1.3 Sale of Jatobá II Farm

 

On June 13, 2018, the Company signed a purchase and sale agreement for a total area of 9,784 hectares (7,485 agricultural hectares) of the Jatobá Farm, a rural property located in the city of Jaborandi, state of Bahia, for an amount corresponding to 285 bags of soybean per usable hectare totaling 2.133.225 soybean bags equivalent to R$123,335 as of July 31, 2018.

 

On July 31, 2018, the buyer paid the first installment of R$21,000, equivalent to 300,000 bags of soybean, and met the conditions envisaged in the agreement, obtaining the of possession of the land and therefore, met the conditions for the recognition of revenue by the Company. The balance will be paid in seven annual installments (Note 7.1.e – Jatobá II).

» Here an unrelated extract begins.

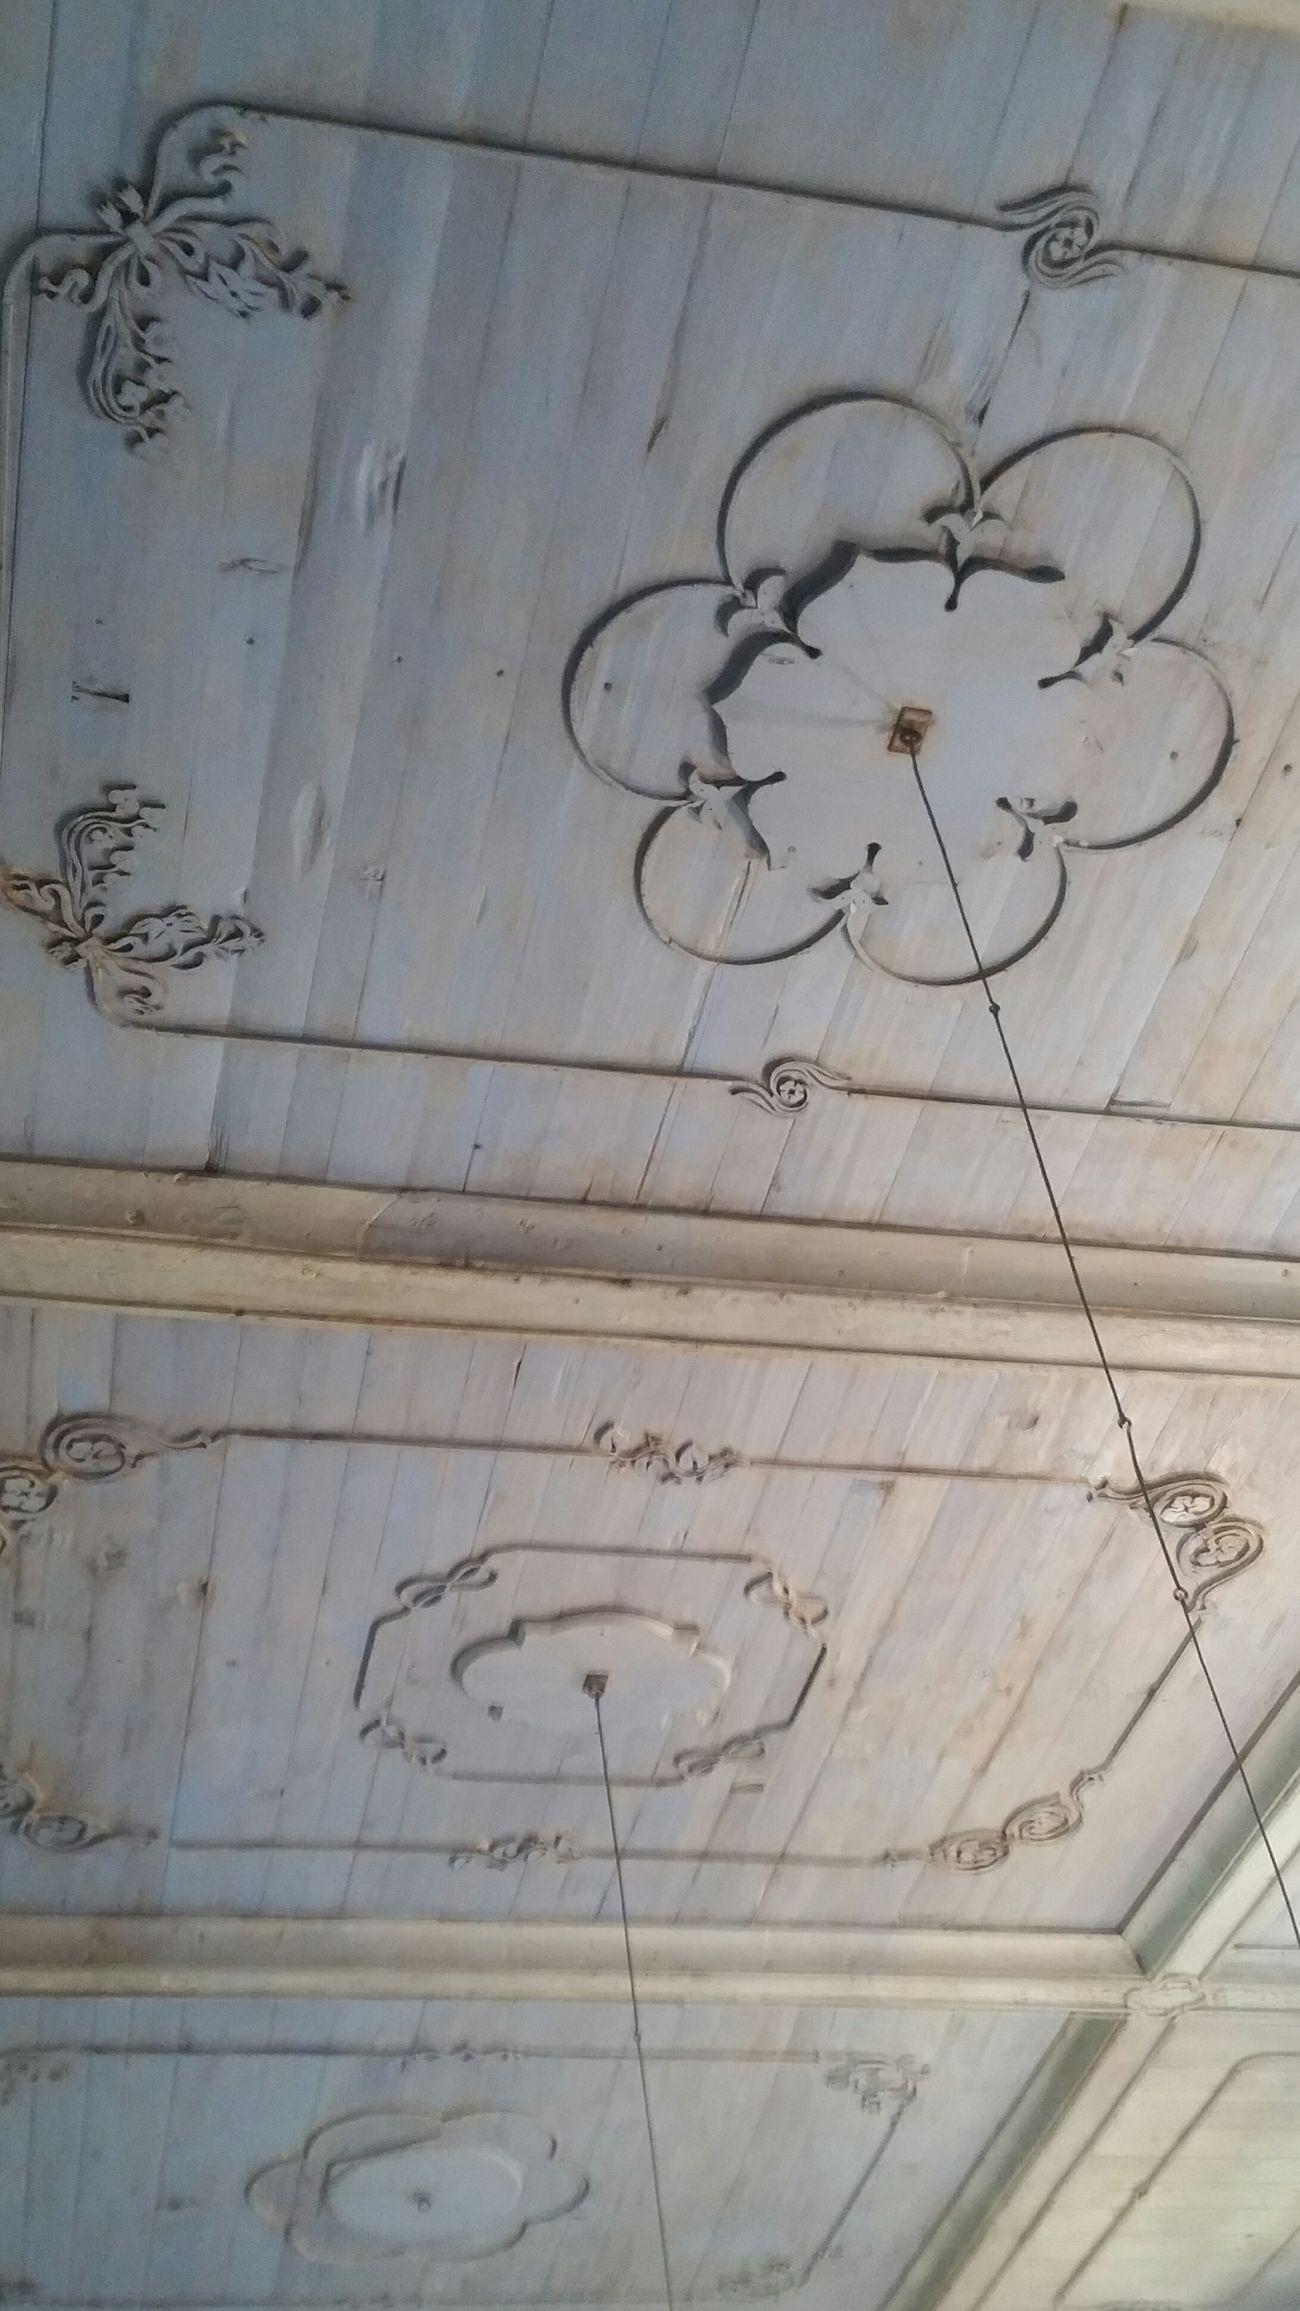 Building Exterior Built Structure Mission, Chapel, 1800's Ceiling Design Antiquity Religion The Secret Spaces Relaxation

The accounting impact on statement of income is described in Note 19.b.

  

1.4. Sale of Alto Taquari Farm

 

On November 21, 2018, the Company signed a purchase and sale agreement for a total area of 103 hectares of arable land in the Alto Taquari Farm, for the value of 1,100 bags per useful hectare totaling 113.300 soybean bags, equivalent to R$6,871.

 

On November 19, 2018, the buyer made a down payment of 22,656 soybean bags in the amount of R$1,491 and the outstanding balance will be paid in four years, two installments per year (Note 7.1.c – Alto Taquari I).

 

1.5 Sale of Jatobá III Farm

 

On June 28, 2019, the Company signed a purchase and sale agreement for a total area of 3,125 hectares (2,473 agricultural hectares) of the Jatobá Farm, a rural property located in the City of Jaborandi, State of Bahia, for 285 bags of soybean per useful hectare totaling 704.805 soybean bags, equivalent to R$47,016 as of June 28, 2019.

 

On June 28, 2019, the buyer paid the first installment of R$5,000 and, on July 31, 2019, the buyer paid another installment in the amount R$5,000. The outstanding balance, corresponding to 563,844 bags of soybean, will be paid in six annual installments. (Note 7.1.e – Jatobá III).

 

1.6 Lease

 

a)Lease of Jatobá Farm

 

Under the same commitment for the purchase and sale of the Jatobá Farm, as described in Note 1.3, the Company leased another area of the farm, with useful area of 7,468 hectares, for a period of 5 years and with annual payments of 6 bags per hectare or 17% of total production, whichever is greater.

 

b)Lease of Parceria V

 

On August 28, 2018, the Company signed a lease agreement to use a farmland of 23,500 hectares in the city of São Félix do Araguaia, state of Mato Grosso. The new farm will be called Partnership V (see Note 26). The lease will be for 10 years.